Incident Report August 25

Technical Description of the Events

Team Nimiq
Nimiq
4 min readAug 27, 2018

--

On August 25, 2018 in the late evening (UTC), the Nimiq Network experienced a short period of no newly produced blocks after block #191361 due to an error in account pruning logic in the miner code, which prevented miners from calculating valid new blocks. The blockchain itself was unaffected and continued after a fix was released without making a fork necessary.

What follows is a detailed explanation of the events. This is purely a technical post since the situation calls for clarity.

What Happened

The Nimiq blockchain stores all non-zero account balances in a Merkle tree, called the accounts tree. To keep this database of accounts as small as possible (it is synced and stored by full and light clients), accounts that transfer all their balance away are removed from the store after the emptying transaction has been processed. This removal of zero-balance accounts is called ‘pruning’ and is done automatically by all miners when processing transactions.

The problem occurred when the same address had two outgoing (sending) transactions waiting for processing at the same time (in the mempool), and the second of these transactions emptied the account to a balance of zero.

When creating a new block, the transactions that will be included in this block are applied virtually to the current blockchain state by the miner. The resulting end-balance for the sender of both transactions was zero. Thus, the sender address was added to the list of to-be-pruned accounts twice (the root cause was that there was no check to prevent an address to be added more than once). This list of to-be-pruned accounts was then iterated over when validating the assembled new block immediately before starting to mine it. During this iteration, pruned accounts are removed from the aforementioned list. An exception is thrown when at the end of the iteration addresses remained in the list. Since the sender address was added twice in the beginning but only removed once, this condition was true and prevented the block from being accepted and consequently halted the work of the miners.

At this point, we think that — while the first triggering of the bug might have been an accident — the subsequent creation of such transactions constituted an intentional attack on the Nimiq Network.

After triggering the bug for the first time, the sender automated the creation of such transactions.

Timeline of Events (UTC)

19:13 — Block #191361 is mined.

19:31 — We receive an alert from our automated blockchain monitoring system about ‘few blocks in the last 20 minutes’. After checking Nimiq’s various block explorers, we see that no block was added to the chain in the last 18 minutes. Block mining is a statistical process and gaps between blocks of a few minutes can occasionally happen, but 18 minutes is a very long time with no blocks, so we start to investigate. Checking our Telegram and Discord channels, we receive first reports of a problem with the miners and their error messages. Checking our team-member-run mining pools shows a hashrate of 0 H/s with plenty of connected devices. At this time it becomes obvious that the blockchain is stuck because miners can not assemble new blocks. We investigate the last few mined blocks for any noticeable transactions and explore how the error that miners are seeing can be explained.
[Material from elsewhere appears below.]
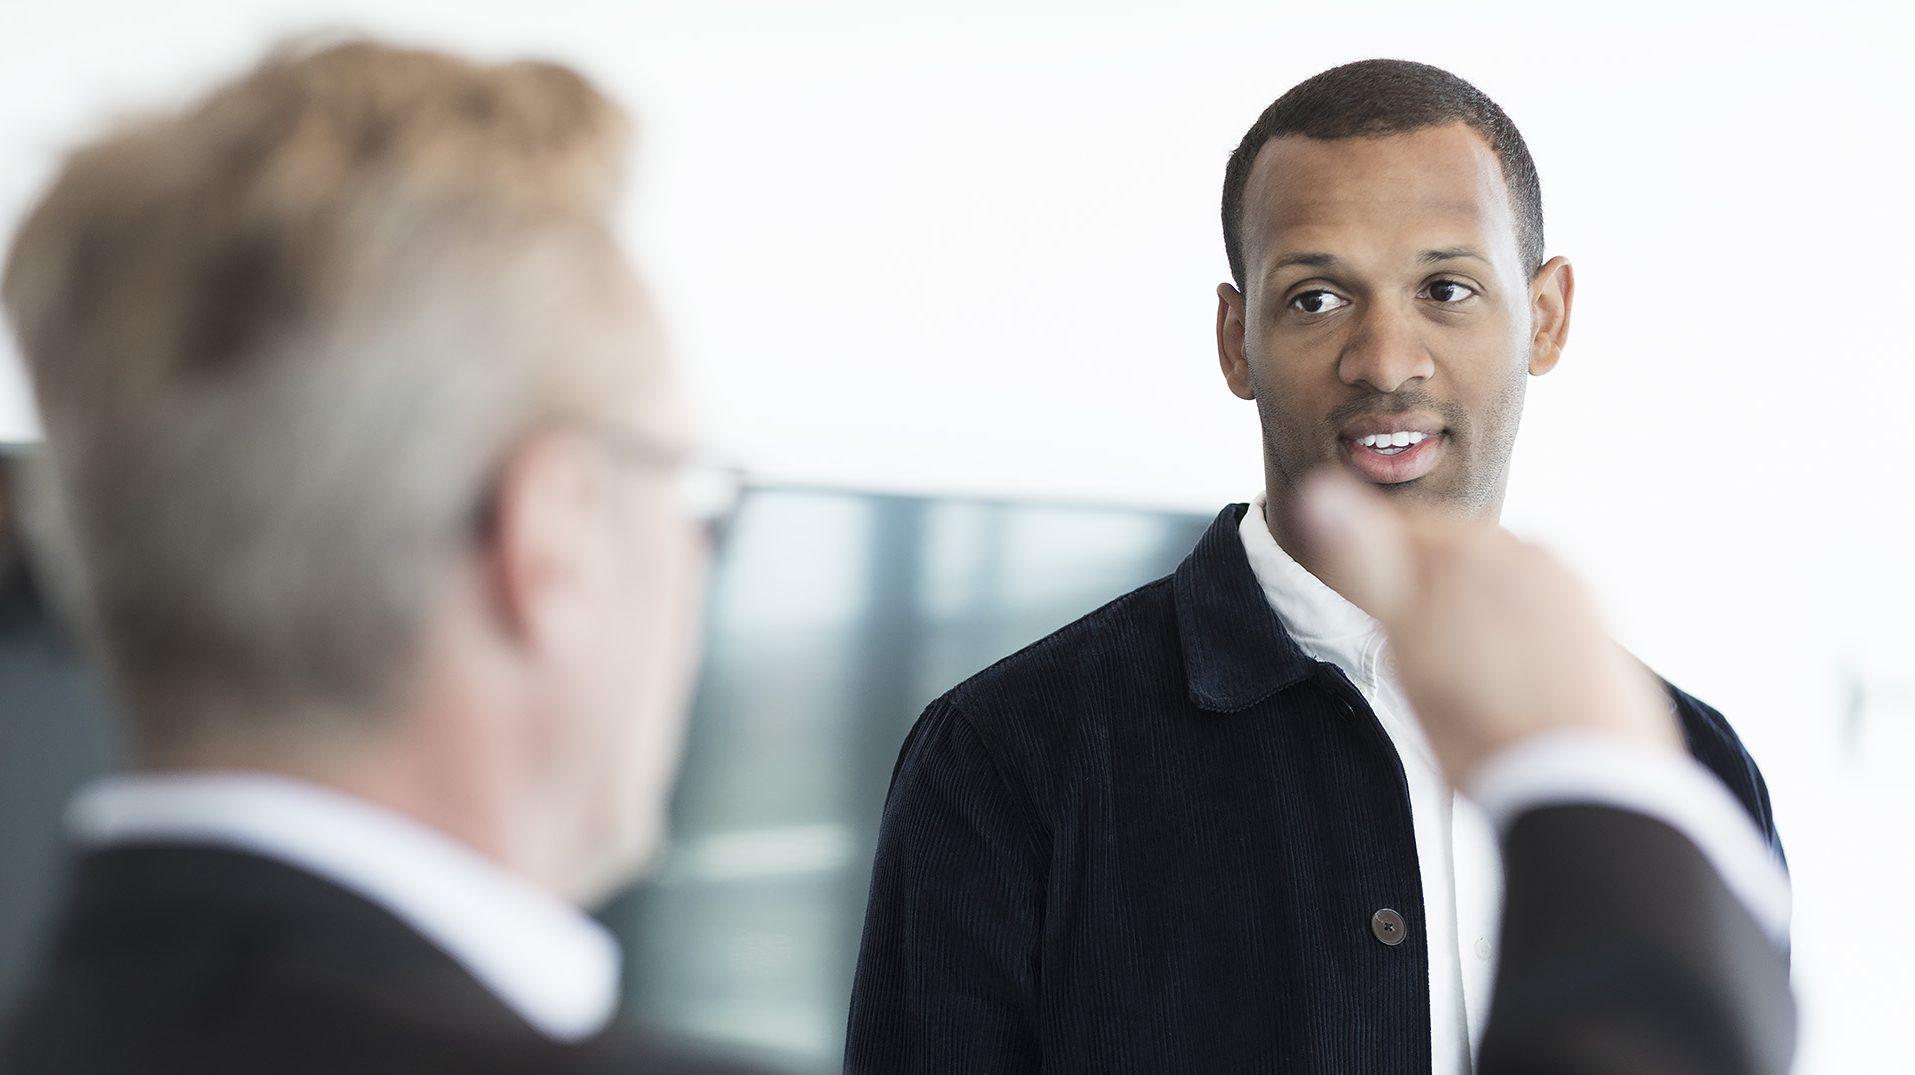 Men in suit talking

20:24 — We identify the issue and start applying and testing various potential fixes on our mining servers.

20:35 — A working quick fix is found and shared internally for further testing.
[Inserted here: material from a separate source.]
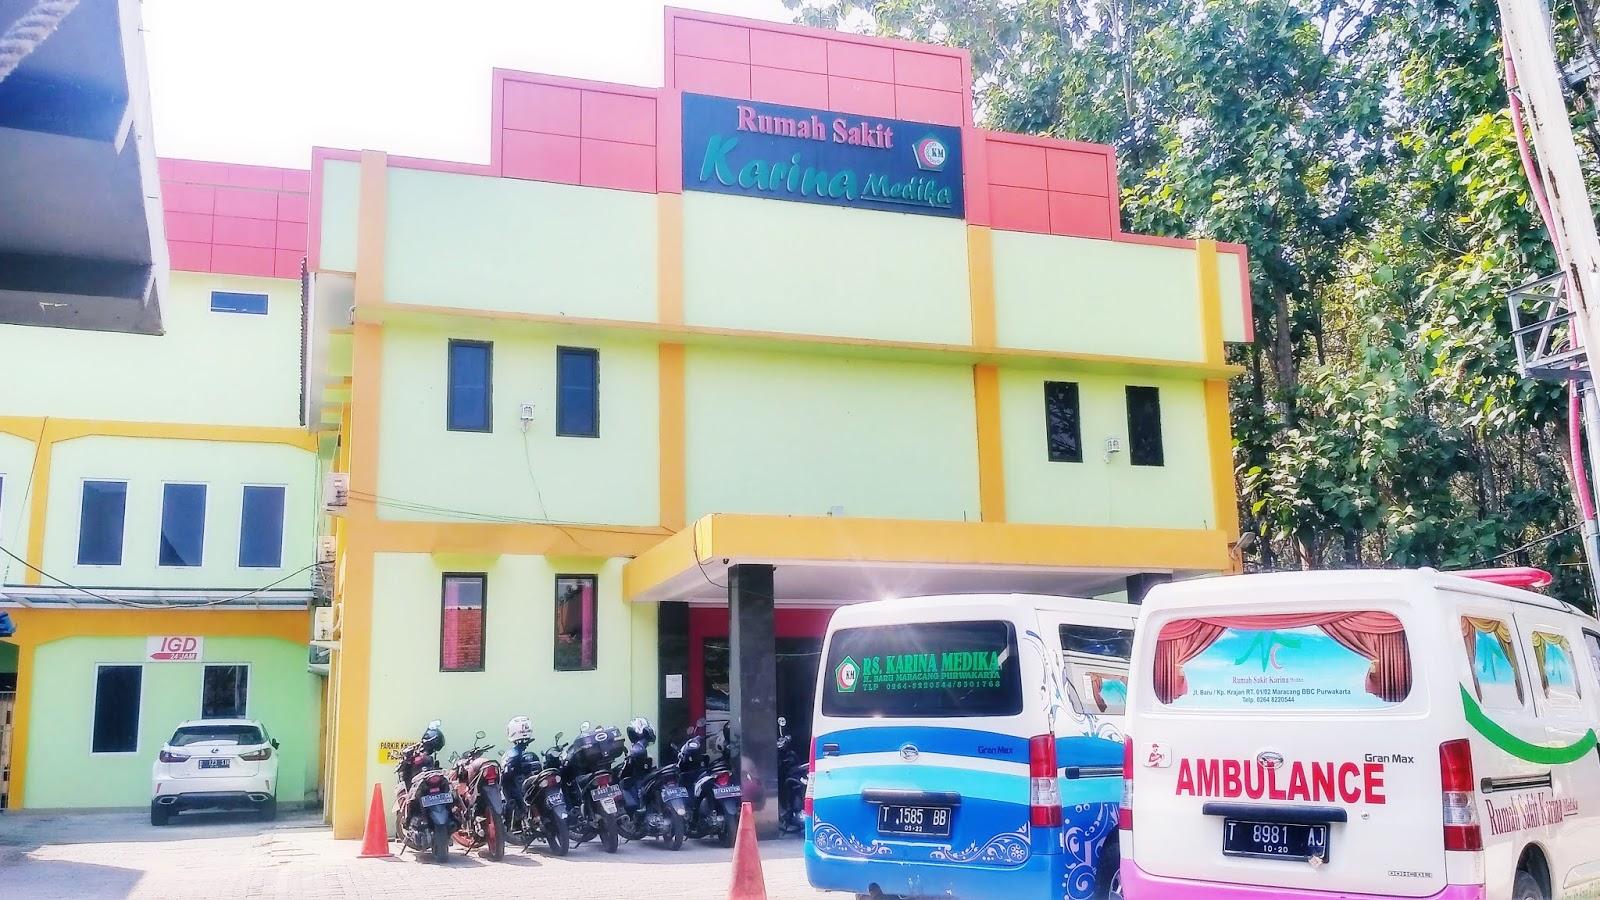 Lowongan Kerja Rumah Sakit Karina Medika Purwakarta

20:42 — We commit the fix in the GitHub core repository under the ‘jeff/miner_fix’ branch. We are intensely testing the fix on our own miner infrastructure.

21:07 — First community members notice the GitHub branch with the fix and deploy it to their own miners.

21:26 — A new block (#191362) is mined by nimpool.io, processing all waiting transactions and breaking the deadlock for all miners, thus enabling the blockchain to continue regularly, albeit with a much reduced difficulty.

21:35 — The same combination of triggering transactions is again pushed to the mempool (after block #191383), preventing all non-updated miners from creating valid blocks. Only patched miners are now working. The next valid block is mined after 63 minutes.

21:51 — Beepool’s @Blub releases his mining client update with the fix.

22:29 — SushiPool pushes an updated client that contains the fix.

22:30 — Throughout the night a few more short breaks in mining happen due to only a growing subset of miners being updated with the fix.

01:34 — Skypool announces that it also deployed the fix.

02:30 — We merge the fix to the master branch and release it as version 1.3.1. It is now officially released as stable and announced to the community.

We apologize for any inconvenience that may have occurred due to this complex bug. We are however glad to inform that the fix is now in the latest release of nimiq-network/core and we urge all users to upgrade to the new version v1.3.1.

Team Nimiq

DISCLAIMER: None of the statements must be viewed as an endorsement or recommendation for Nimiq, any cryptocurrency, or investment product. Neither the information, nor any opinion contained herein constitutes a solicitation or offer by the creators or participants to buy or sell any securities or other financial instruments or provide any investment advice or service.

--

--